--- What the task asks ---
All the lines below need retyping exactly, apart from the images.

--- Raw data ---
####################
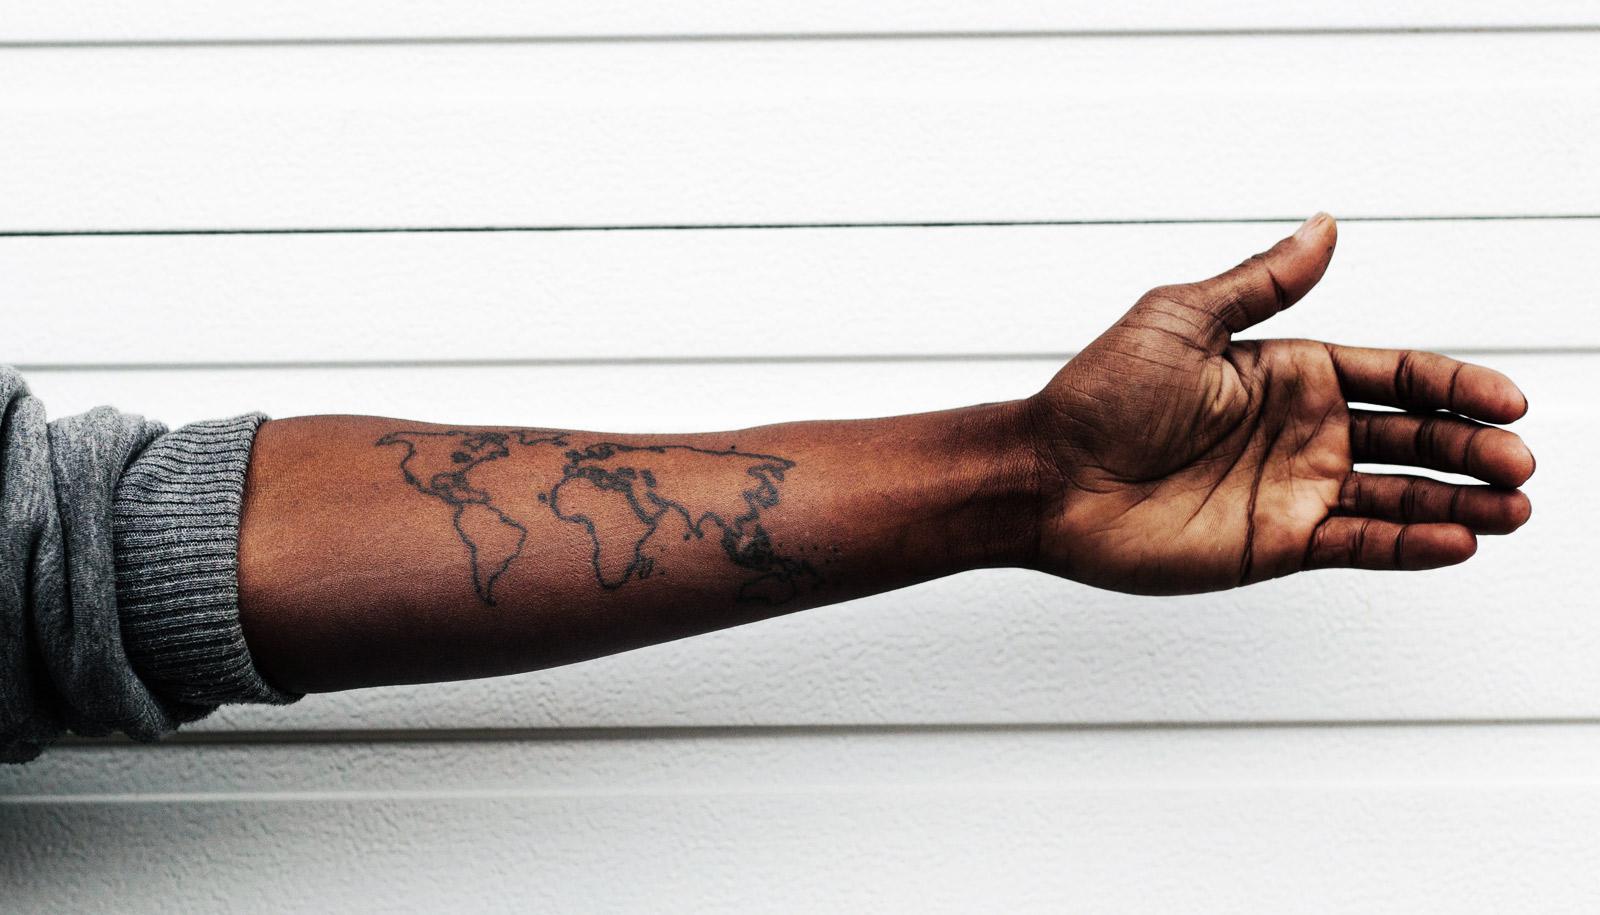 world map tattoo on arm - TIL maps
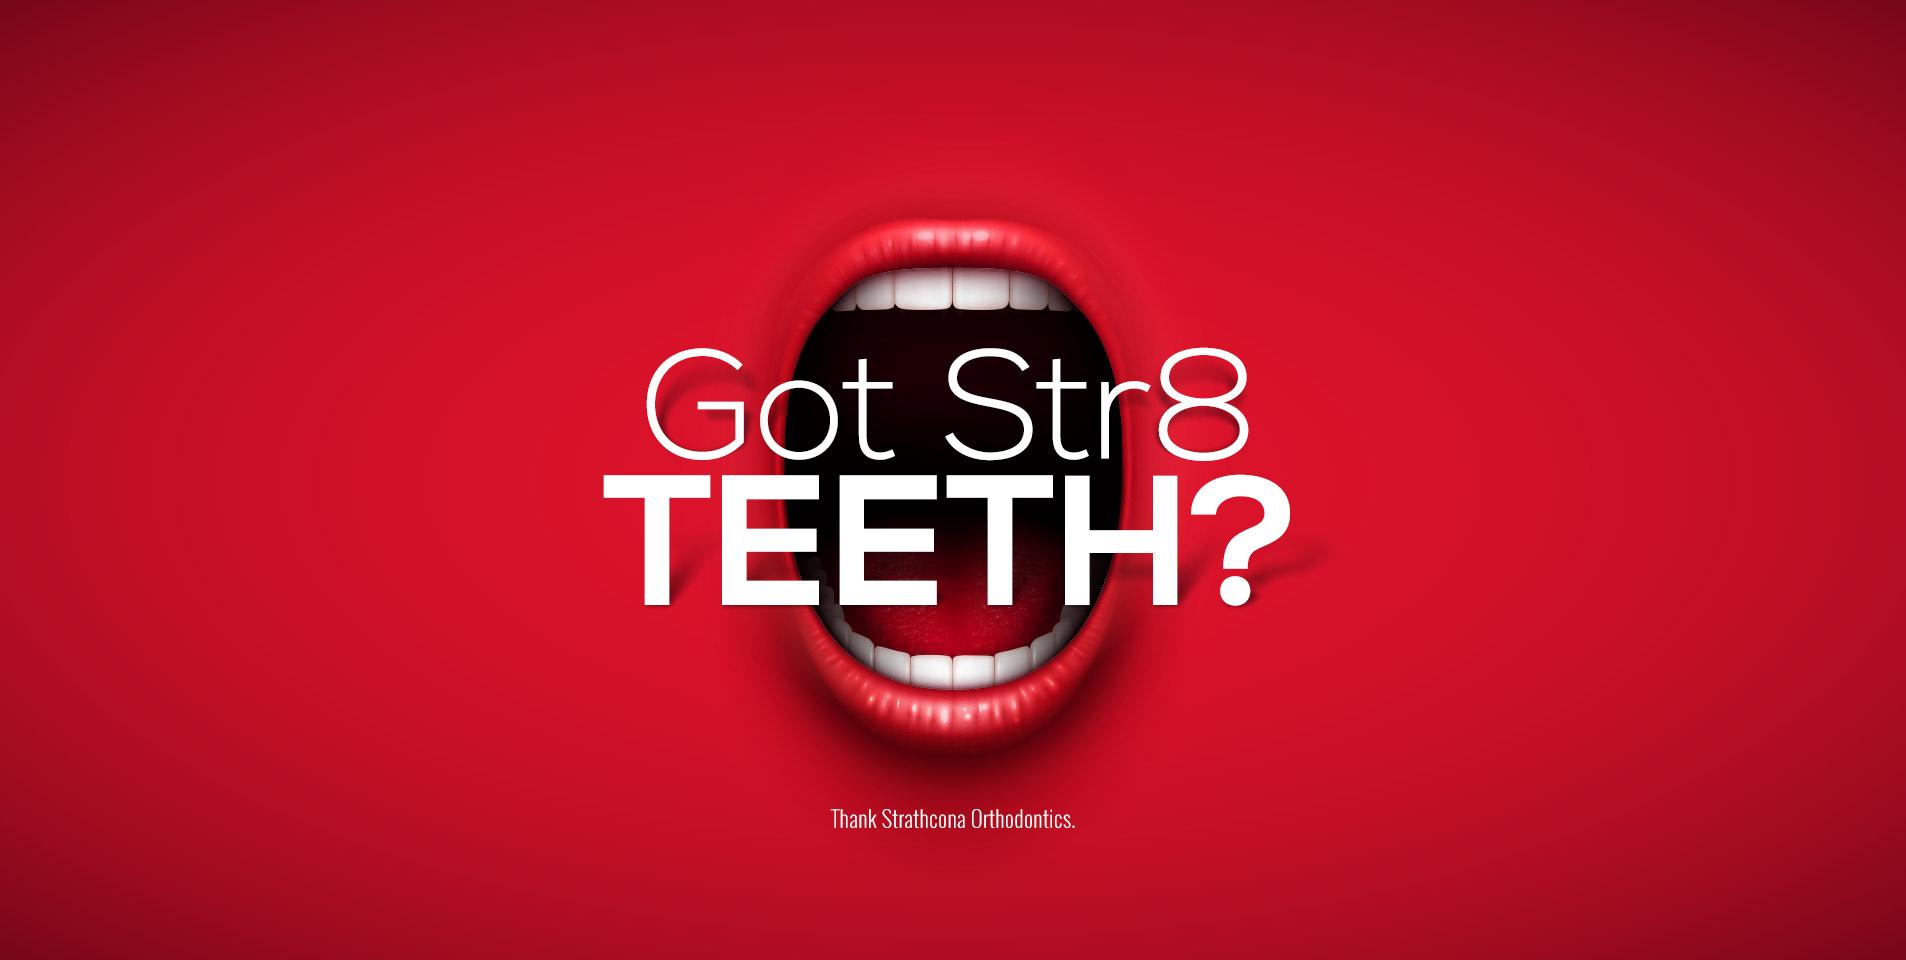 Strathcona Orthodontics
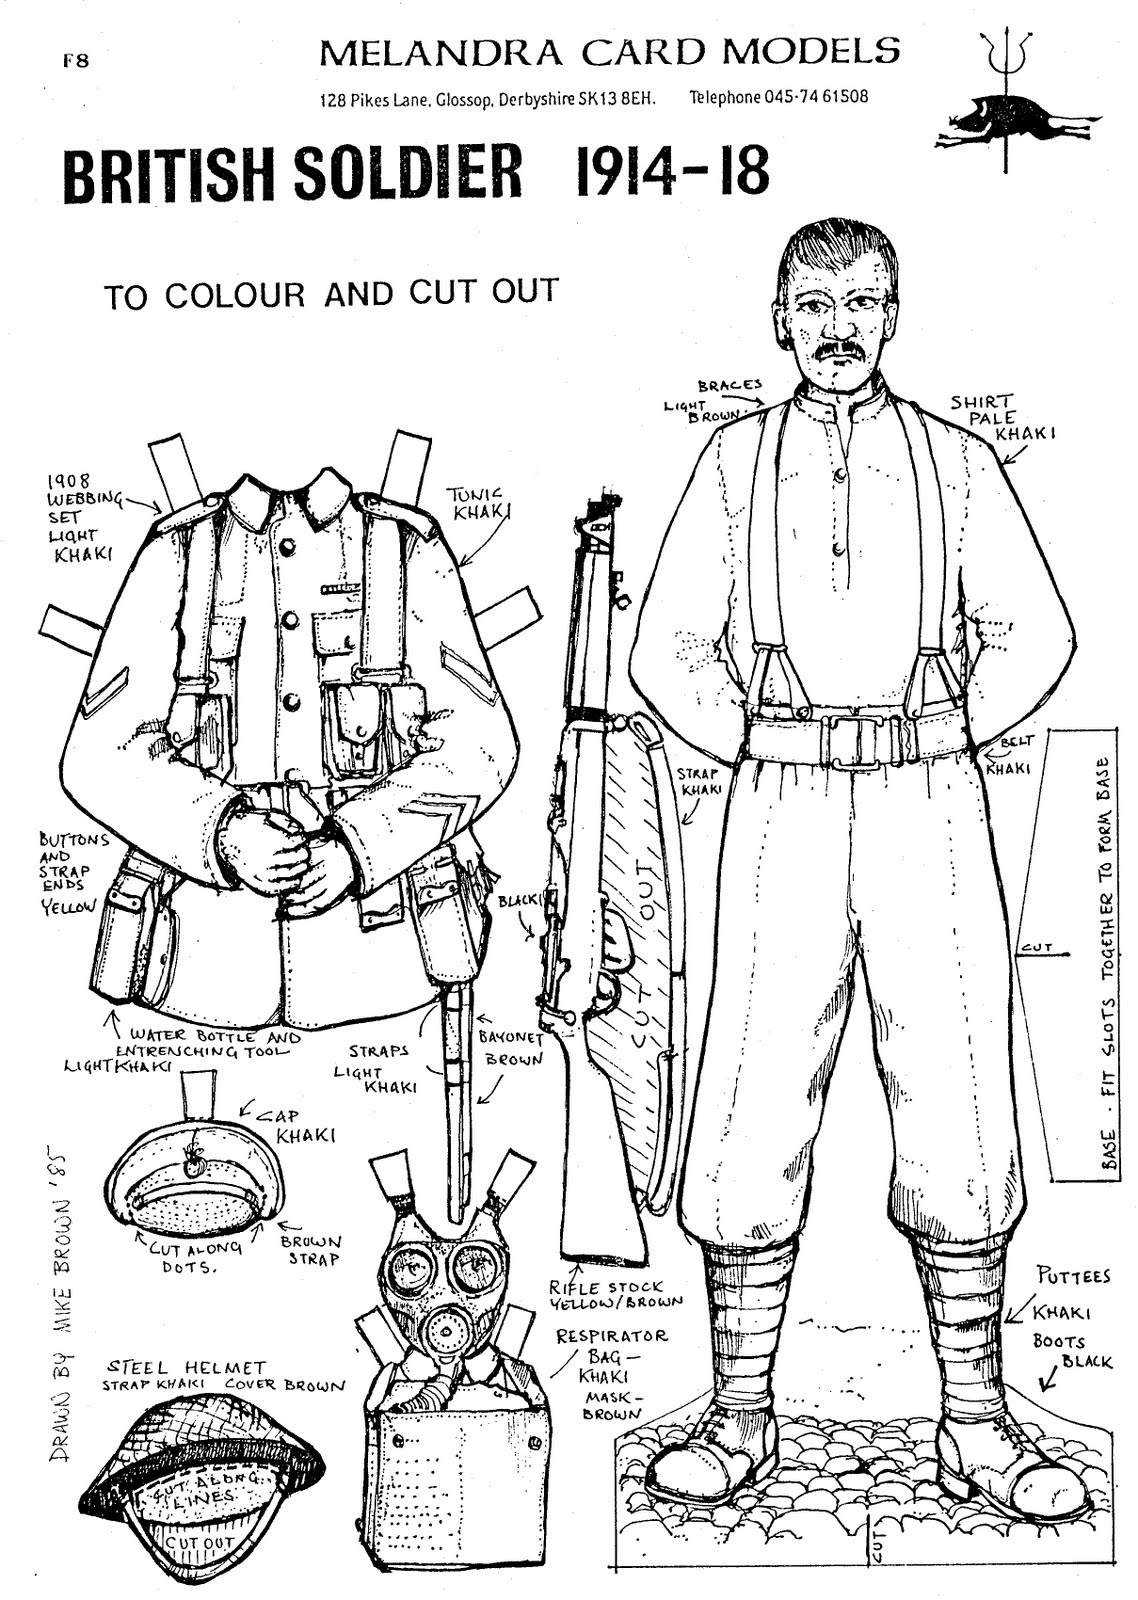 Mostly Paper Dolls: BRITISH SOLDIER 1914-18 from Melandra
####################
--- Written reply ---
 world map tattoo on arm - TIL maps
 Strathcona Orthodontics
 Mostly Paper Dolls: BRITISH SOLDIER 1914-18 from Melandra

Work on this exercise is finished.